Com diversas críticas à letalidade das forças de segurança do estado, os ministros decidiram que helicópteros só poderão ser usados em casos de "estrita necessidade", além de restringir operações próximas a escolas a situações de "absoluta excepcionalidade".

A corte também obrigou as polícias a documentar provas periciais de investigações e determinou que a apuração contra policiais deverão ser conduzidas pelo Ministério Público.

A decisão ocorre em uma ação apresentada pelo PSB contra a política de segurança do governador Wilson Witzel (PSC). O chefe do Executivo fluminense sempre afirmou que aposta no endurecimento da atuação policial para coibir a criminalidade.

Logo depois de eleito, chegou a apontar o uso de helicópteros como uma das principais ferramentas contra organizações criminosas. "O correto é matar o bandido que está de fuzil. A polícia vai fazer o correto: vai mirar na cabecinha e... fogo! Para não ter erro", disse.
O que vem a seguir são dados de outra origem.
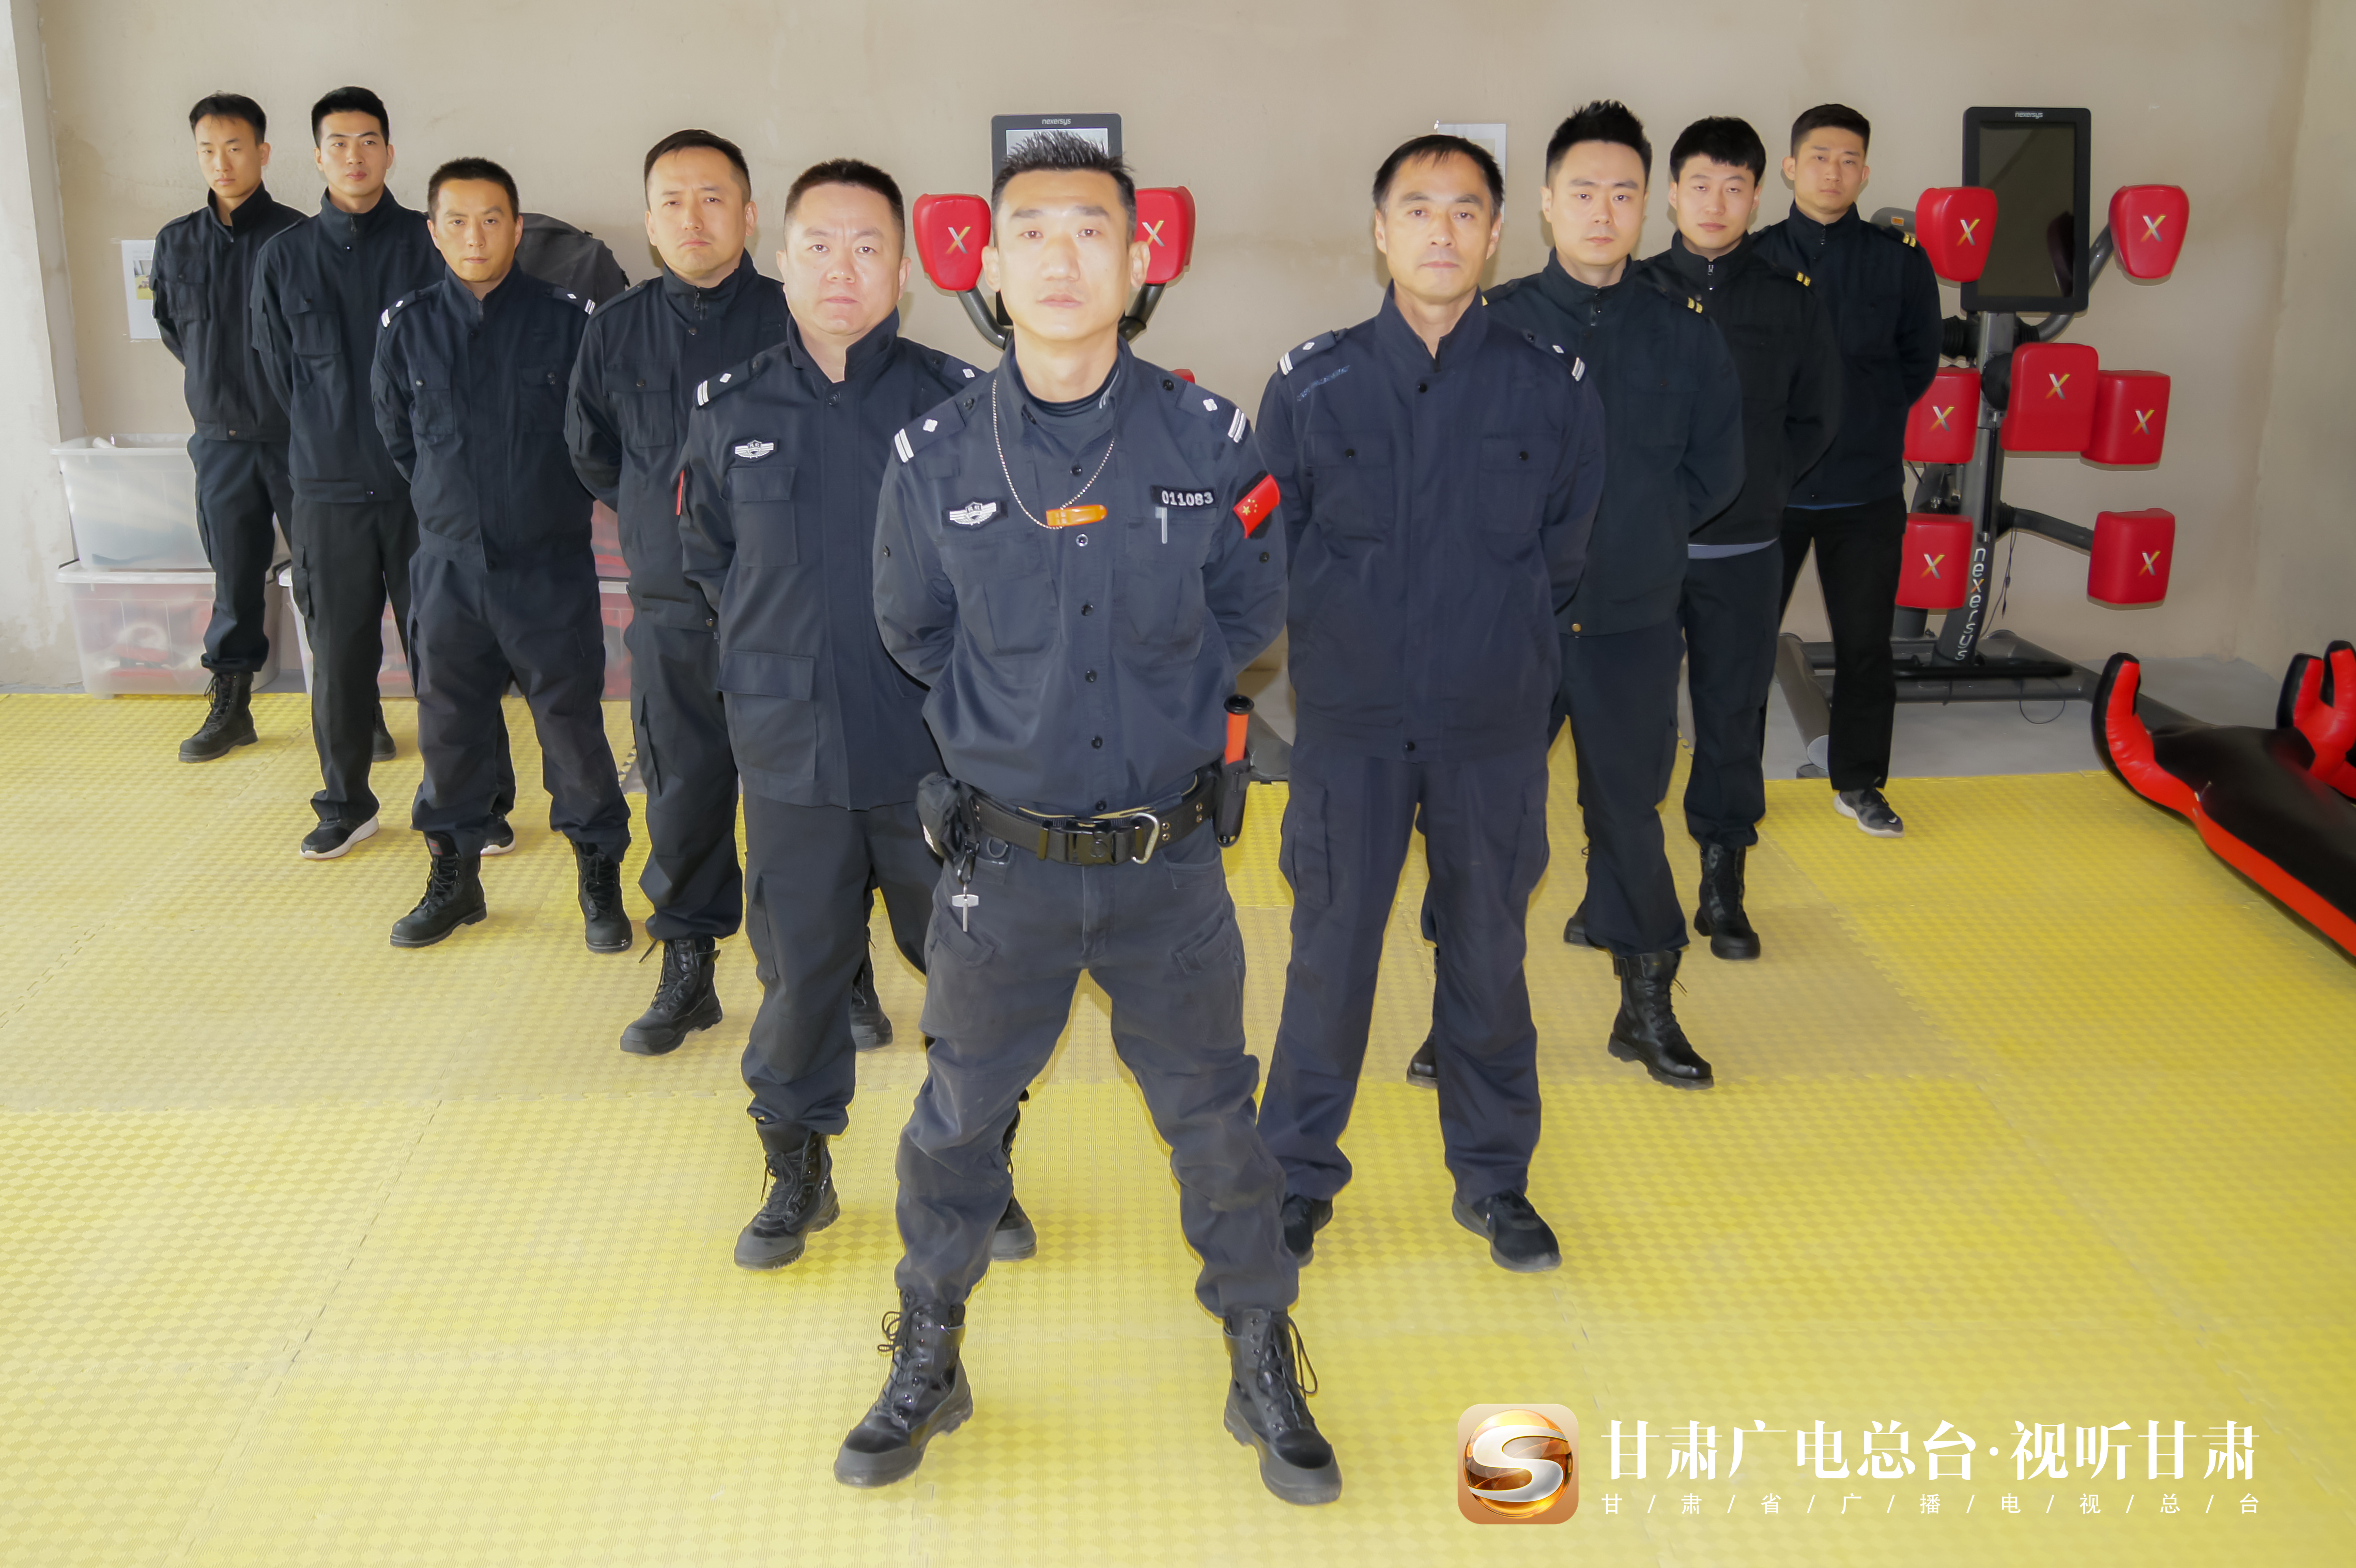 苦练基本技能守护航空安全东航甘肃分公司完成空中保卫教员提升考核

Os ministros Edson Fachin, relator, Alexandre de Moraes, Marco Aurélio, Cármen Lúcia, Rosa Weber, Ricardo Lewandowski, Gilmar Mendes e Dias Toffoli votaram para impor restrições às polícias. Nenhum, até o momento, divergiu.
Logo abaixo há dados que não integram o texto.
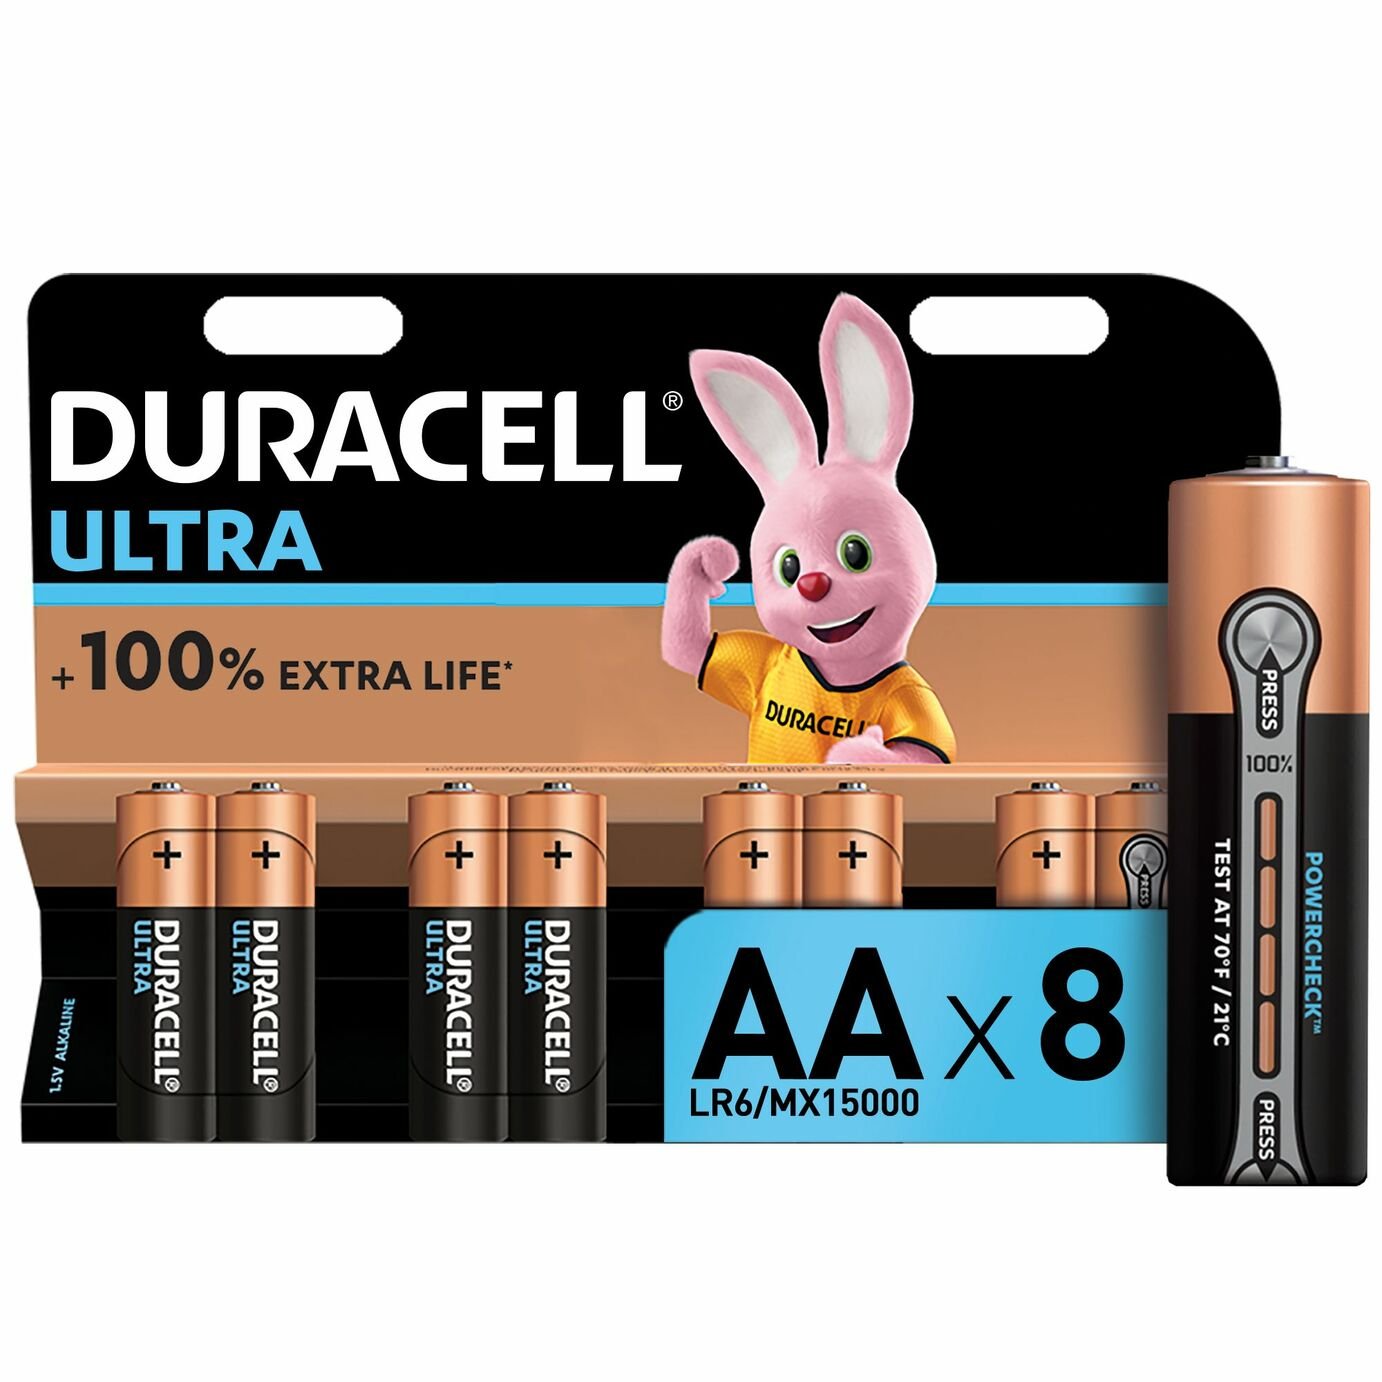 Duracell Ultra Power Alkaline AA Batteries review

O julgamento ocorreu no plenário virtual e os magistrados tinham até o fim do dia de ontem para depoistarem seus votos no sistema.

Lewandowski, Gilmar e Toffoli foram ainda mais longe em relação ao relator e também defenderam que o Supremo obrigue o governo a apresentar, em 90 dias, um plano para viabilizar a redução da letalidade policial.

Além disso, Gilmar ainda votou para proibir Wizel a "proferir manifestações que incitem a prática de crime ou façam apologia de fato criminoso", sob pena de responsabilização civil, administrativa e criminal.

A decisão ocorre na mesma ação em que o Supremo já havia proibido operações policiais nas comunidades do RJ durante a pandemia.

Desta vez, os ministros analisaram o processo de maneira mais ampla e determinaram uma série de novas regras a serem seguidas pelas forças de segurança do Rio.

Pelas regras definidas pelo Supremo, sempre que houver suspeita de envolvimento de agentes de segurança na prática de crimes, a investigação será atribuída ao Ministério Público.

Por meio de nota, a Secretaria de Estado de Polícia Militar afirma que a Corporação "mantém o seu compromisso de seguir atuando dentro de seus princípios institucionais e de acordo com o previsto na Constituição". Já a Secretaria de Estado de Polícia Civil informou que "continuará mantendo seu compromisso institucional com a sociedade e cumprirá integralmente o que foi determinado pelo STF".